Did they give a reason to why it was negative? Did it have anything to do with the Priority Processing?


----------



## anachan (Oct 16, 2017)

Yes they stated that my job duties were more of admin and less of management. The decision came in 2 days. When I called the case officer she said that in priority processing they don't ask for additional documents as it has to be finalised in 10 days. The case officer did not even call my employer to verify my duties


----------



## Sillygos (Jan 29, 2017)

...


----------



## hala611 (Nov 11, 2017)

hello.. anyone else has applied and got approved for pp if so how many days exaclty it took from vetassesa to finalize the process, did they stayed on the 10 days assessment or did they extend it?


----------



## hala611 (Nov 11, 2017)

can you please share your vetassess process.. did you apply as a pp did they approve if so how long did they take to finalize your application


----------



## shunamite (Jan 28, 2017)

hala611 said:


> hello.. anyone else has applied and got approved for pp if so how many days exaclty it took from vetassesa to finalize the process, did they stayed on the 10 days assessment or did they extend it?


Yes , we did PP , the result came within 10 working days.


----------



## NKK_AUS (May 21, 2018)

Hi,

I have positive skills assessment from ACS with RPL. I need to get my degree assessed for claiming 15 points. I chose Points Test Advise only and I dont see the option to prioritize the application. 

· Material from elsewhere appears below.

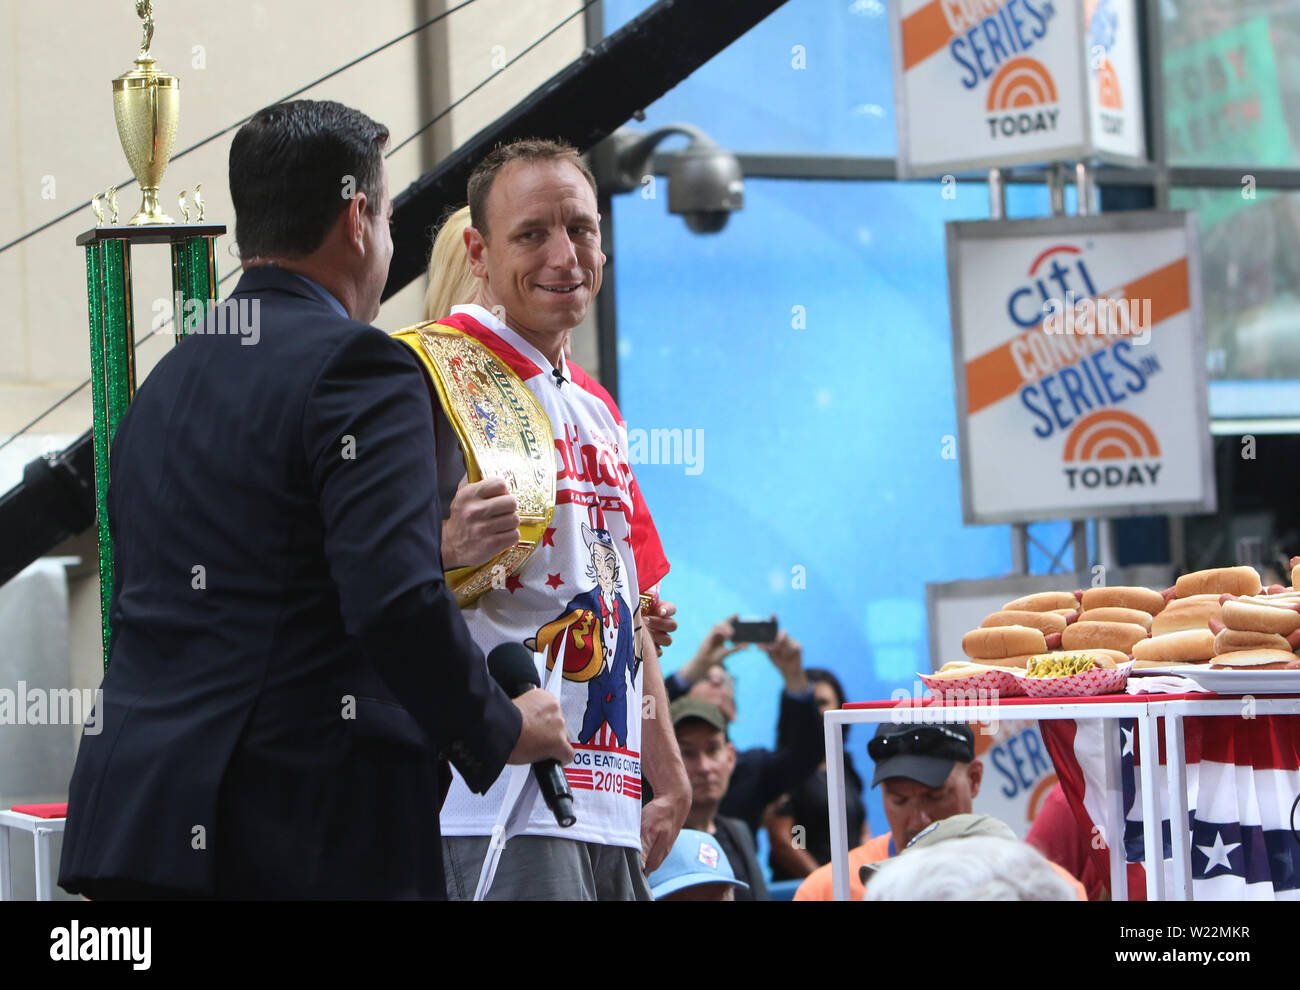 New York, NY, USA. 05th July, 2019. Joey Chestnut at NBC's Today Show to talk about his win in downing 71 hot dogs and Miki Sudo's win with downing 31 hot dogs at the 2019 Nathan's Hot Dog Eating Contest in New York City on July 05, 2019. Credit: Rw/Media Punch/Alamy Live News Stock Photo

Can someone please tell me how to apply priority processing.

Thanks,
Kiran.


----------



## myale.mq (3 mo ago)

Hi everyone, 
Has anyone of you been successful in applying for Priority processing? I have been trying for days without any success. I waited until the clock turned to exactly 9am AEDT, saw the option for Priority processing opened for just half a second and I could not even tick the box before it was locked and the website said the quota has been full . 
Any tips would be much appreciated. Thank you.


----------



## jitu.vashist (3 mo ago)

It’s the case each time


----------